I've conducted extensive research into the matter, and here is my essential finding: Poop stinks. Okay, everyone in the world knows that, but what you probably didn't know is that poop stinks even in a plastic bag. Turns out, plastic holds water inside but is permeable to odors. If you sealed the bag and threw it in a trash bin or dumpster, the whole area would soon stink to high heaven! The bag prevents the waste from drying out or decaying, so it continues to actively generate odors. And it's the worst kind of odor known to man, permeating everything.

The odor-passing characteristic of plastic was illustrated by an old television ad comparing two brands of food wrap. On one side was a slab of meet wrapped in a hundred layer of saran wrap (i.e. plastic). On the other side was a similar piece of meat wrapped in only a single layer of Brand X wrap. A bear is presented with both packages, and he goes directly for the saran wrap, because he can smell the meat inside. He ignores the Brand X-wrapped meat, because no odors get through.

What is Brand X? Reynolds Wrap™—i.e. aluminum foil! It passes no odors.

So now you know that if you want to discretely dispose of human waste—or for that matter, baby diapers or dismembered body parts—you should wrap them in aluminum foil to hide any telltale odor.

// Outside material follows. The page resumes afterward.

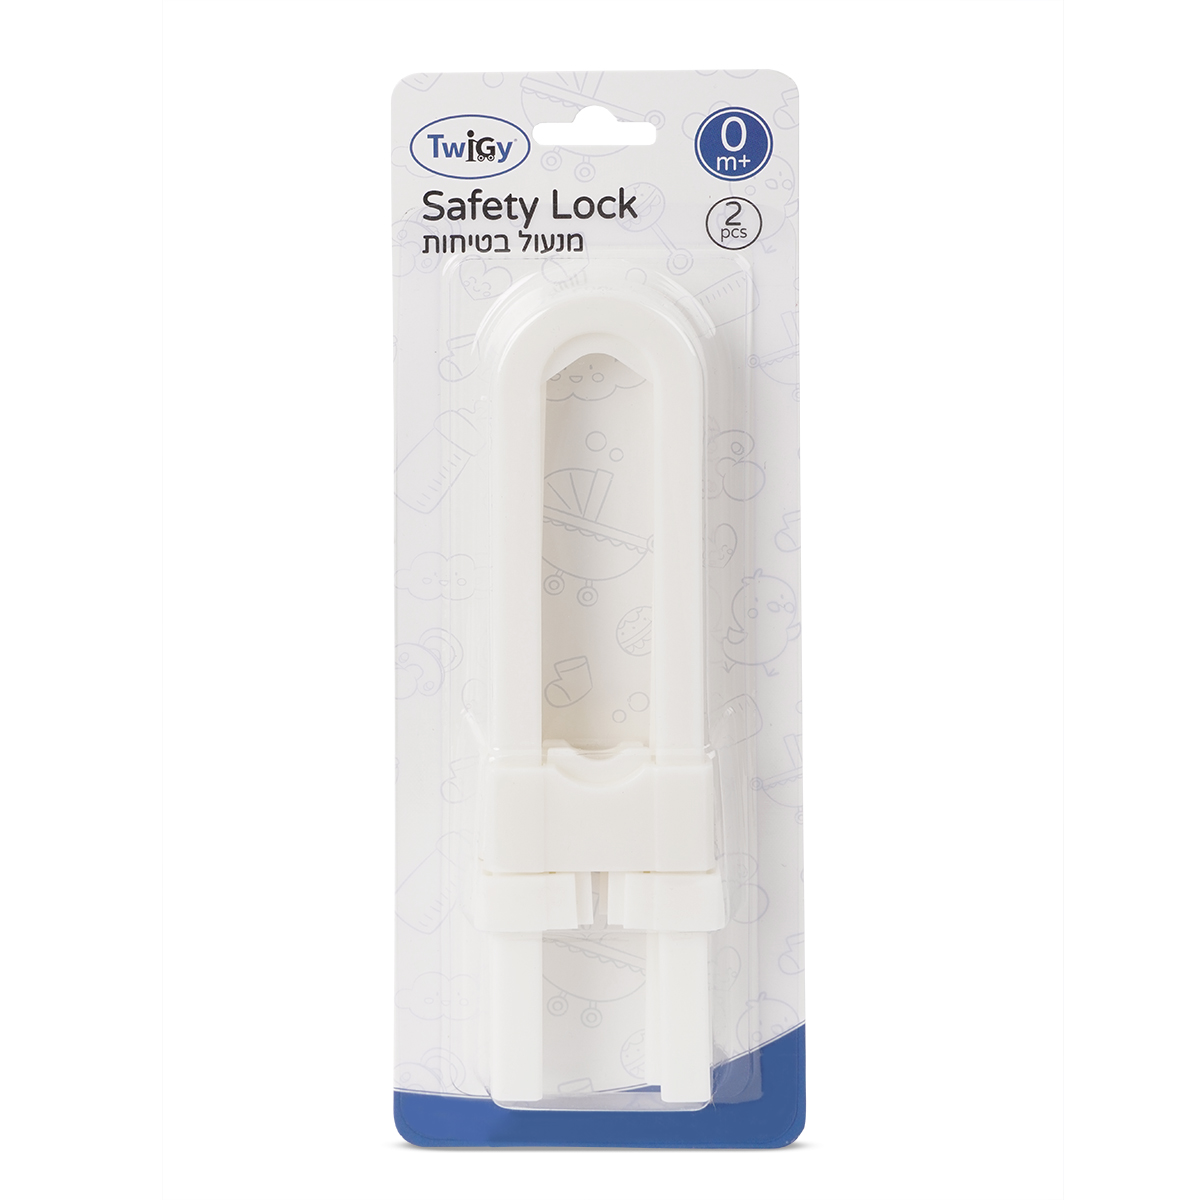 מנעול בטיחות טוויגי לבן – Twigy Safety Lock

Is it morally or environmentally wrong to throw away human waste in the trash? Baby diapers are routinely thrown away, aren't they? That's all you can do with them. Nowadays, in industrial countries, nearly all trash goes to secure landfills where it is essentially entombed for eternity. There is no significant biological activity in a landfill; it just sits there, compacted, for centuries, but at least it isn't using up any resources apart from the land it's on. On the other hand, whatever you flush down the toilet requires huge resources for processing. There's the 2-4 gallons of water you flush down with it and the complex, energy-consuming treatment process at the other end. If you add up all the costs, landfilling your ordure is probably much friendlier to the environment.

But the most environmentally friendly solid waste disposal method is to shit in the woods. It's your patriotic duty, so do it often!